In his new book, What A Fish Knows: The Inner Lives Of Our Underwater Cousins, Jonathan Balcombe presents evidence that fish have a conscious awareness that allows them to experience pain, recognize individual humans and have memory.
“Thanks to the breakthroughs in ethology, sociobiology, neurobiology and ecology, we can now better understand what the world looks like to fish,” Balcombe says.

“They are the product of over 400 million years of evolution so the perceptions and sensory abilities of fish” . . . whether strange to us or very familiar, are wonderfully developed.
“One is a sense of water pressure or movement in the water that’s very acute. Some fishes, including sharks, can detect electrical signals from other organisms.
Some can create electric organ discharges, and they use those as communication signals. They will change their own frequency if they’re swimming by another fish with a similar frequency, so they don’t jam and confuse each other. They also show deference by shutting off their EODs when they’re passing the fish who holds that territory.

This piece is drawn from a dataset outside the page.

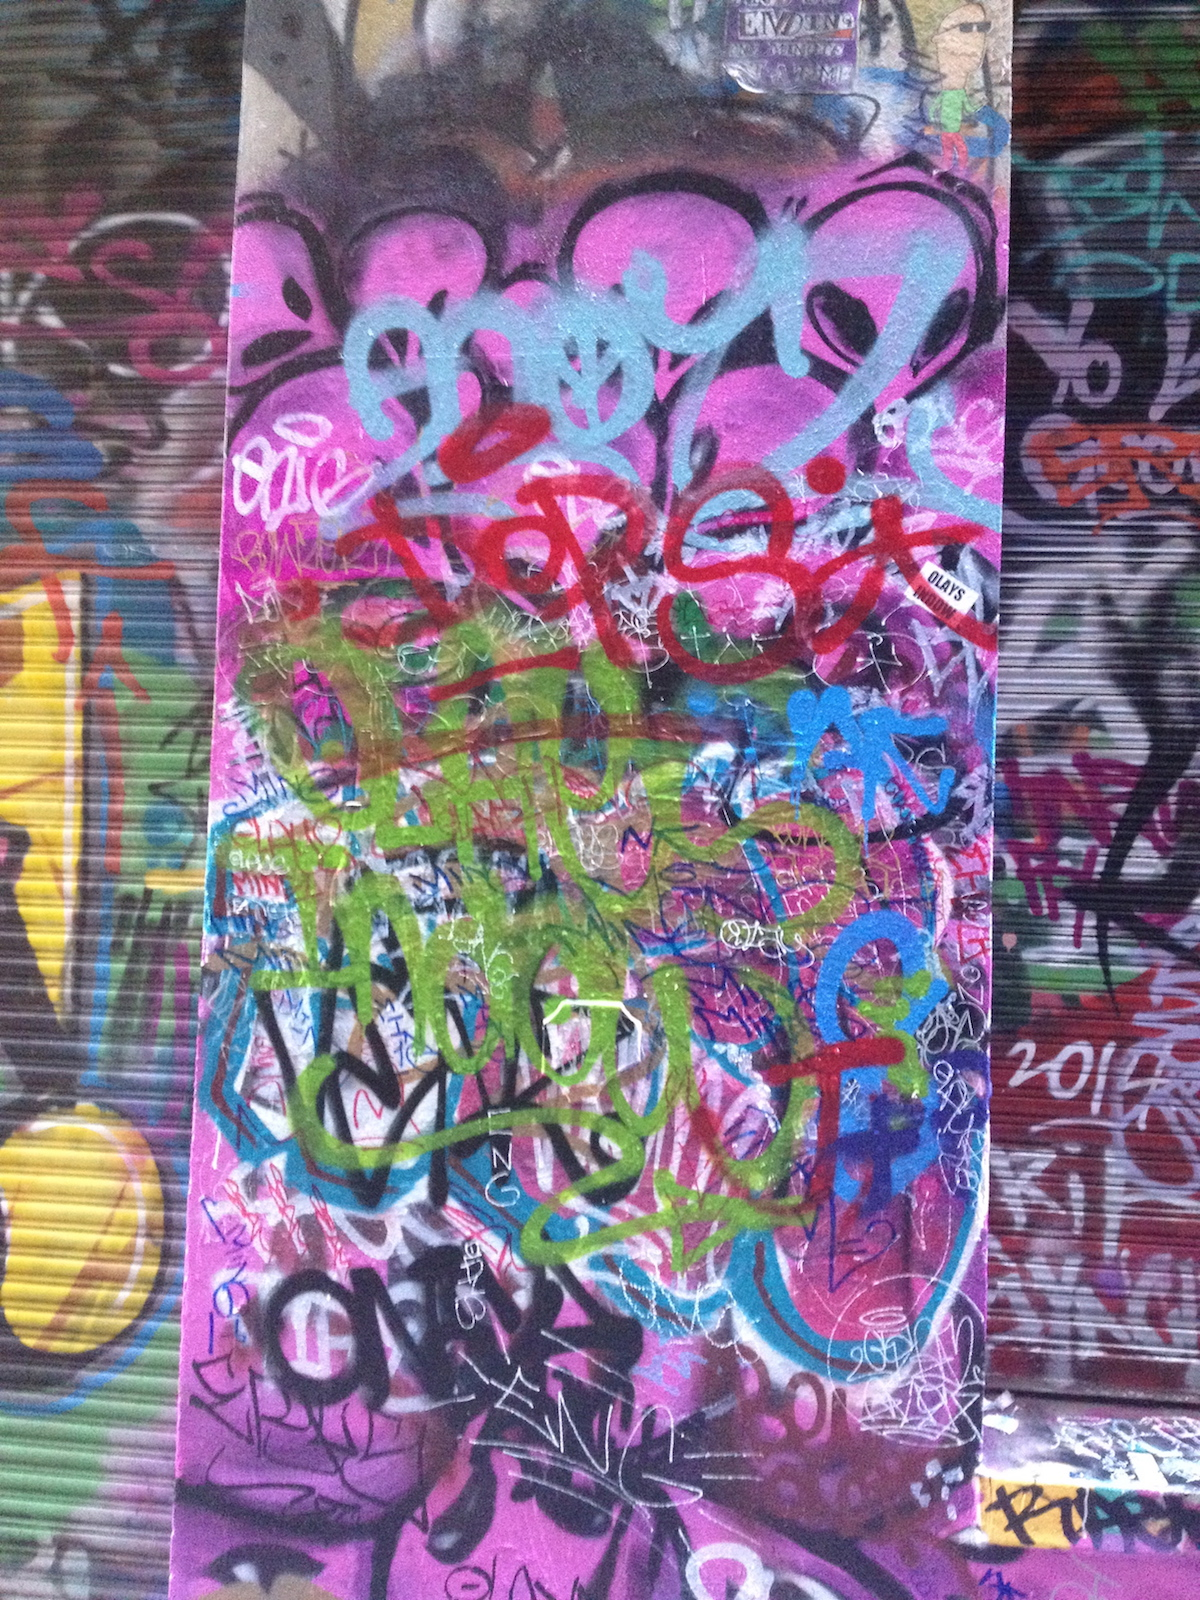 Graffiti lanes a Malebourne

At low tide, frillfin gobies hide in rocky tide pools. If danger lurks — a hungry octopus, say — the goby will jump to a neighboring tide pool, with remarkable accuracy. How do they avoid ending up stranded on the rocks?
A series of captive experiments dating from the 1940s found something remarkable. They memorize the tide pool layout while swimming over it at high tide. They can do it in one try, and remember it 40 days later. So much for a fish’s mythic three-second memory.

On reefs, collaborative hunting has developed an astonishing degree of sophistication. A grouper has been observed inviting a moray eel to join in a foray, communicating by a head-shaking gesture or a full body shimmy. The two fishes probably know each other, for individual recognition is the norm in fish societies.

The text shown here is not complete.